Paul Edgerley is managing director of Bain Capital, the private-equity firm, which he joined in 1988, after working in Bain’s consulting operations. The graduate of Kansas State University has, with his wife, endowed the deanship of the college of business administration there—the first such gift at Kansas State. They have also endowed scholarships and professorships at the school; served as eastern region chairs for its Changing Lives Campaign; contributed to athletics; and, last August, made a $10-million gift toward the business college’s new 140,000-square-foot building.
The Edgerleys’ older children, Brian and Matthew, are members of the College classes of 2016 and 2017, respectively.

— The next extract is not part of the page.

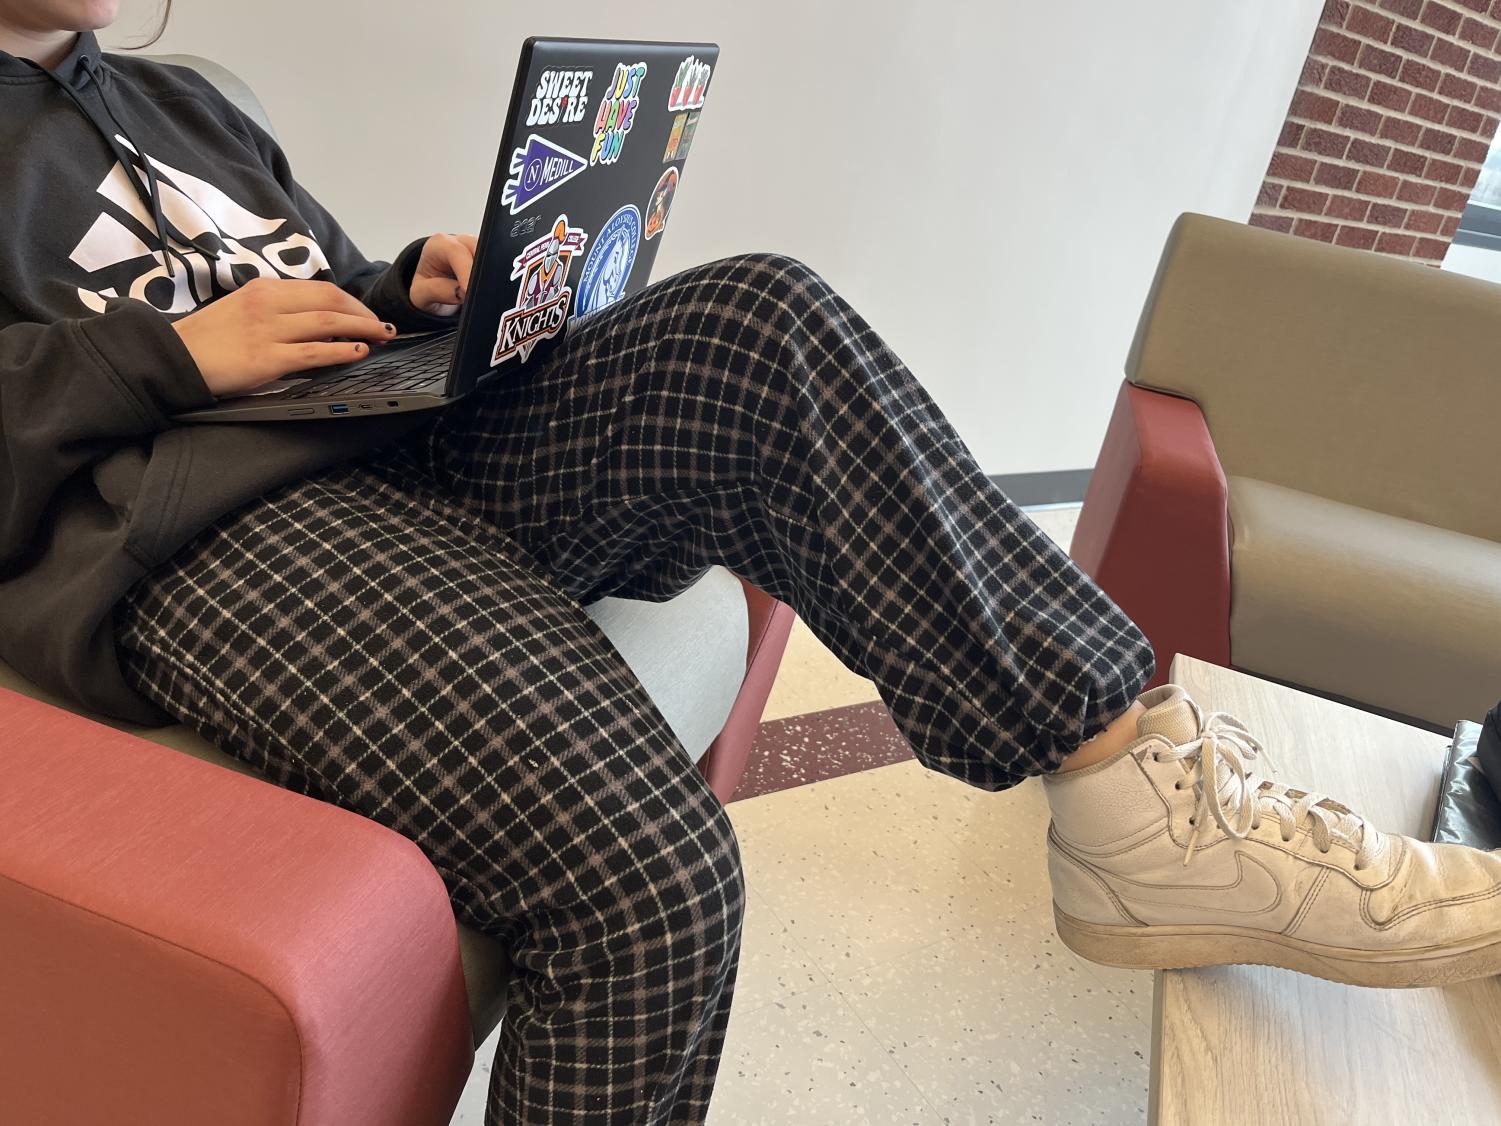 Pajama pants are acceptable for student attire at school – Mountain Echo

Glenn H. Hutchins ’77, J.D.-M.B.A. ’83, co-founder and former managing director of Silver Lake, a New York-based private-equity firm specializing in investments in technology companies. Silver Lake led the recent $25-billion buyout of Dell Inc., the computer firm, and earlier owned Skype, the Internet telephone company, which it sold in 2011 to Microsoft, the software enterprise founded by Hutchins’s College classmate Bill Gates, LL.D. ’07, and now run by classmate Steven A. Ballmer.
Hutchins’s family foundation pledged $30 million to the Faculty of Arts and Sciences (FAS) last year—part as a challenge fund to jump-start undergraduate House renewal (one of FAS’s big-ticket campaign priorities), and part to support African American studies.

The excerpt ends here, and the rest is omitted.